Connor Guy focuses on racism and race relations.

Counting Justices,” by Scott Jaschik. Inside Higher Ed, February 22, 2012. 

This is an important case that warrants close attention, particularly because it will likely be argued this autumn, just as the media’s obsessive fixation on the presidential race reaches its apex. Ironically, though, the case does highlight an important facet of the presidential race: whoever wins may have the opportunity to appoint one or more Supreme Court justices. Remember, this affirmative action case wouldn’t even be a question if George W. Bush never had the chance to appoint Samuel Alito when Sandra Day O’Connor retired.

 

Ebtihal Mubarak focuses on human rights.

Peaceful Protest Can Free Palestine,” by Mustafa Barghouthi. The New York Times, February 21, 2012.

"Over the past 64 years, Palestinians have tried armed struggle; we have tried negotiations; and we have tried peace conferences," starts Mustafa Barghouti. His eloquent op-ed displays much frustration, but is followed immediately with a very promising approach to the Palestinians plight. Peaceful protests, represented by Khader Adnan’s hunger strike, are inspiring Palestinians to seek the last and most effective path for their just cause.

 

Hannah Murphy focuses on sex and gender.

How an Abortion Divided America,” by Guy Adams. The Independent, February 16, 2012.

Jennie McCormack, a single mother of three in a small Southern Idaho town, learned that she was pregnant again last autumn. Unable to support a fourth child—or even the cost of the three hour trip to the nearest Planned Parenthood in Salt Lake City—McCormack ordered RU-486, a drug to induce a miscarriage. Self-administered abortions are illegal in Idaho (a previously unenforced law), but in the midst of this campaign culture war, McCormack has now become the center of a case that may become our newest Roe v. Wade.

 

James Murphy focuses on migration in the 21st century.

David Goodhart on Immigration and Multiculturalism,” by Alec Ash. The Browser, February 21, 2012.

The United Kingdom is one of the most ethnically diverse countries in the world, and has had its fair share of success and failure in accommodating its multicultural population.

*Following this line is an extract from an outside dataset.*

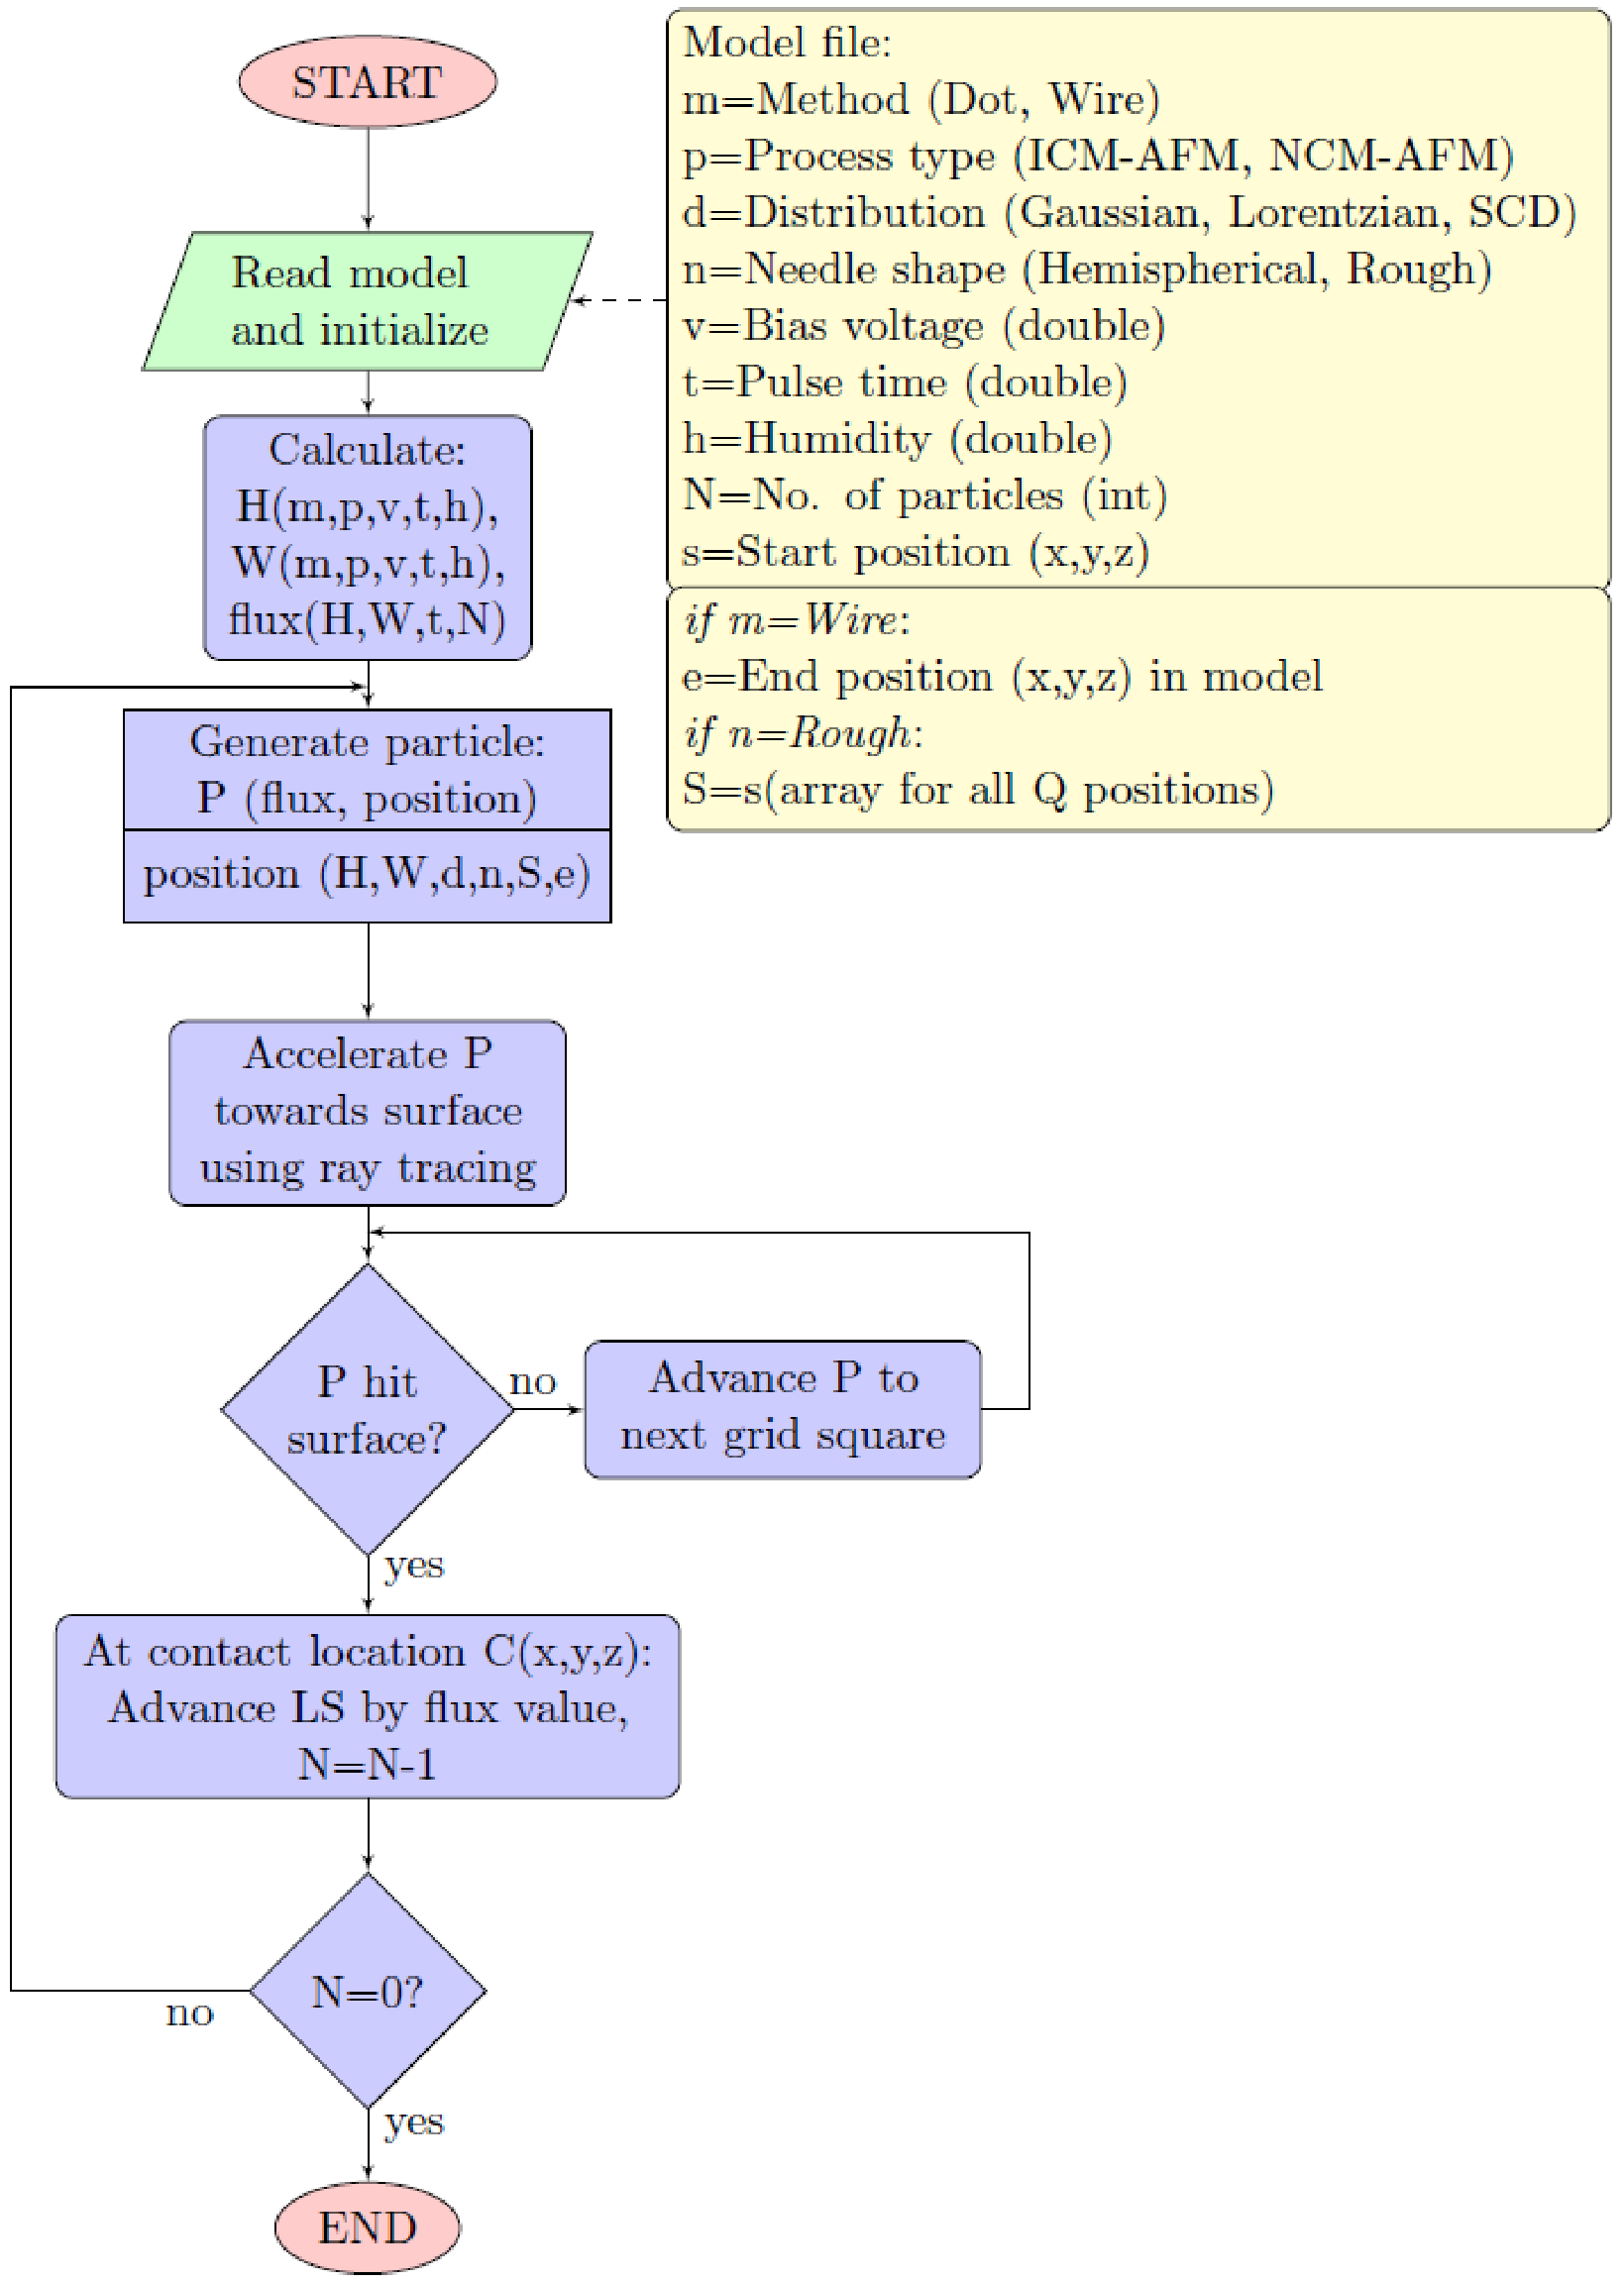 \includegraphics[width=0.9\linewidth]{chapter_oxidation_modeling/figures/flowchart.eps}

David Goodheart, founder of Prospect magazine and the current director of London-based think tank Demos, is writing a book on the history of British immigration. In this wide-ranging interview with Alec Ash of The Browser, Goodheart discusses the process of British multiculturalism, citing five other books to further enlighten the reader. 

 

Erin Schikowski focuses on the politics and business of healthcare.

Bureaucracy May Be Putting Lives At Risk, Europe.” Medical News Today, February 15, 2012.

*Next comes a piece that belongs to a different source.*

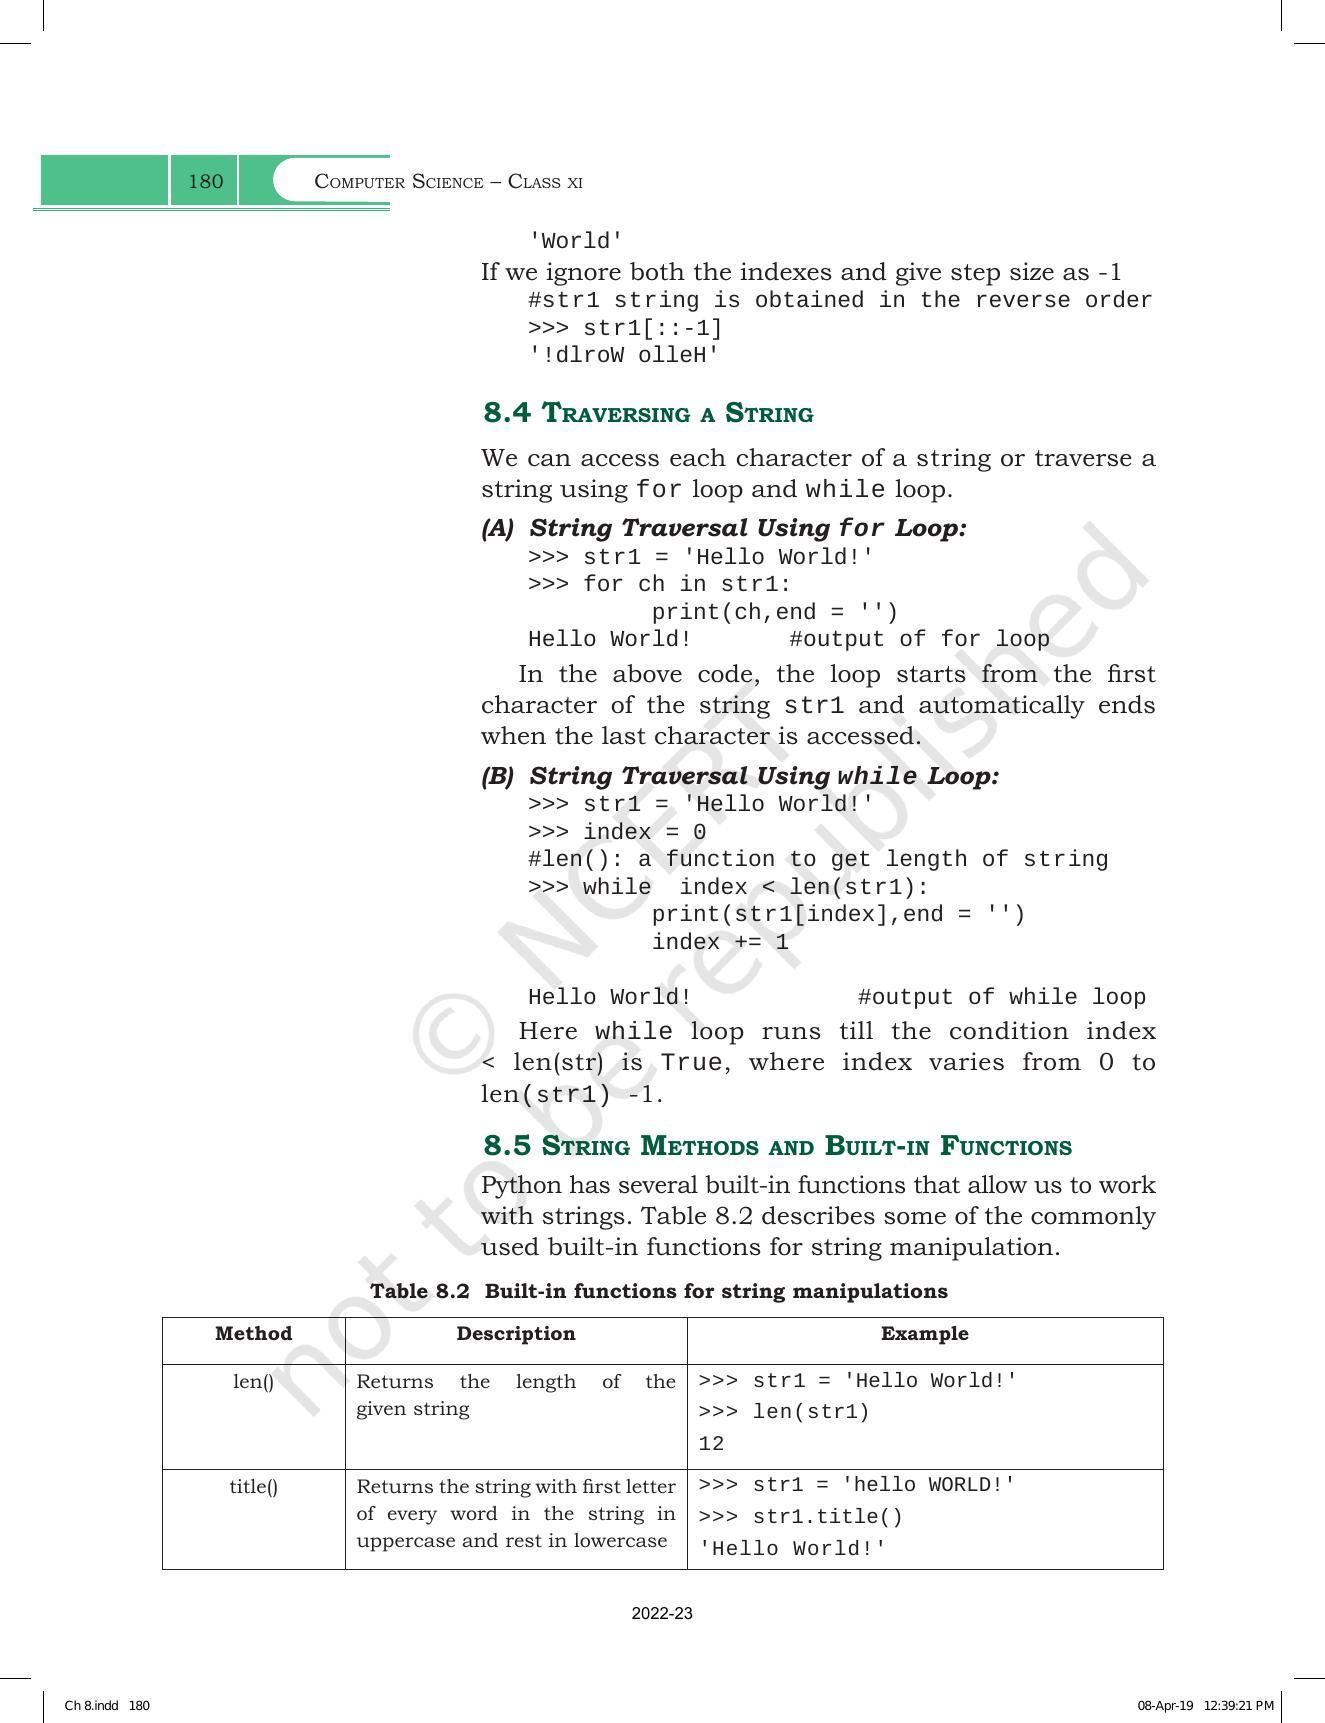 NCERT Book for Class 11 Computer Science Chapter 8 Strings - Page 6

This article covers a European Parliament meeting held last week, where critics of a 2001 EU directive had an opportunity to discuss its shortcomings. Although the directive was designed to standardize clinical-trial regulation, critics say a lack of coordination and large increases in bureaucracy have had a detrimental effect on academic clinical research and may put children and adolescents with rare forms of cancer at risk. This will be an interesting story to watch in the coming months as a proposed revision of the directive is to be sent for legislative review in September.

 

Elizabeth Whitman focuses on the Syrian uprising, its implications and the wildly varied domestic and international reactions.

Underground Medical Expertise Refined in Syrian Crucible,” by Ivan Watson and Kareem Khadder. CNN, February 22, 2012.

In the northern province of Idlib, the Syrian regime and its army are targeting the opposition’s medical workers, who are cobbling together an underground medical network to aid the wounded and prepare for the possibility of a far more brutal assault. But they are extremely short on medical supplies, and Syrian government is arresting and torturing medical workers. The story depicts both the resourcefulness and the desperation of the Syrian opposition in Idlib.